EL SUBMARINO EMBARRANCADO

Durante años he tenido en mi memoria la imagen de un submarino varado en la barra de Larache, allá entre el promontorio sobre el que descansa la ciudad –dominando el océano– y la playa de “La otra banda”, en la desembocadura del Lukus, en el lugar donde el río entrega al Atlántico todos sus dones, después de haber remoloneado entre los meandros del valle, pesaroso de tener que acabar su camino entre aquellas tierras del país de las Hespérides.

Creía, porque así me lo habrían explicado mis mayores, que aquel submarino (o lo que de él quedaba) era un sumergible de la armada alemana que había ido a parar con sus hierros en ese lugar después de una escaramuza bélica llevada a cabo durante la Segunda Guerra Mundial, en la que, a ojos vistas, había corrido con la peor parte.

Desde que me conecto con internet, en multitud de ocasiones he buscado alguna referencia respecto a aquel submarino embarrancado frente a las playas en que bañábamos nuestra niñez y en ninguna de ellas he tenido éxito.
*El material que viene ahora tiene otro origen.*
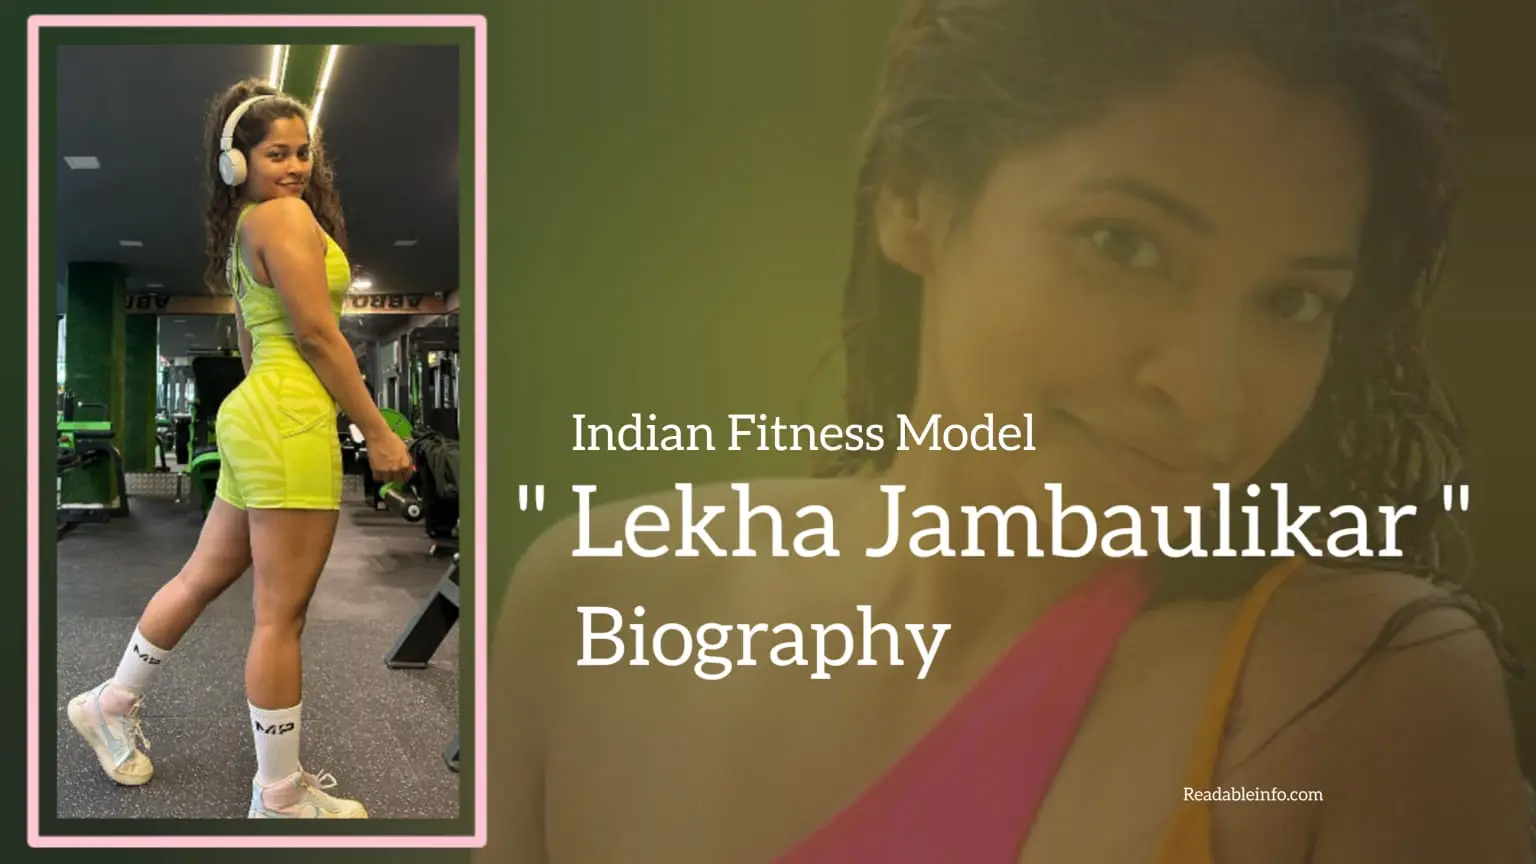 You are currently viewing Lekha Jambaulikar Biography (Indian Fitness Model)

Ya de mayor, en conversaciones con personas que han vivido en Marruecos, familiares, paisanos y amigos míos, cuando yo sacaba el tema del sumergible todos me decían que no recordaban ese submarino varado en la barra del Lukus.

Hace casi dos años, en un encuentro que hicimos algunos alcazareños en Barcelona con motivo de la visita que giraban a la Ciudad Condal nuestro ínclito amigo Diego “Valdés” García Carrasco y su encantadora esposa, Maria Luisa, hubo ocasión, en dos sesiones, de comentar infinidad de cosas sobre Alcazarquivir y Marruecos. Entre los muchos temas de los que se habló durante la sobremesa surgió una conversación sobre Arcila. En un momento determinado, uno de los comensales, hablando del puerto y de las playas de la bella ciudad atlántica, para indicar un sitio preciso dijo: “Allá, en el lugar en que se encontraban los restos del submarino alemán”. ¿Cómo? ¿Los restos de un sumergible alemán?… ¡Si, si! Dos personas más recordaban el pecio y sus dos ubicaciones, ya que los restos de la nave fueron trasladados algún tiempo más tarde desde el sitio donde quedó varado en su inicio a un nuevo lugar. Parecía que había sostenido una batalla con algunos buques británicos y había quedado malparado, refugiándose en el puerto de Arcila donde fue bombardeado por unos aviones ingleses que iban a su caza.  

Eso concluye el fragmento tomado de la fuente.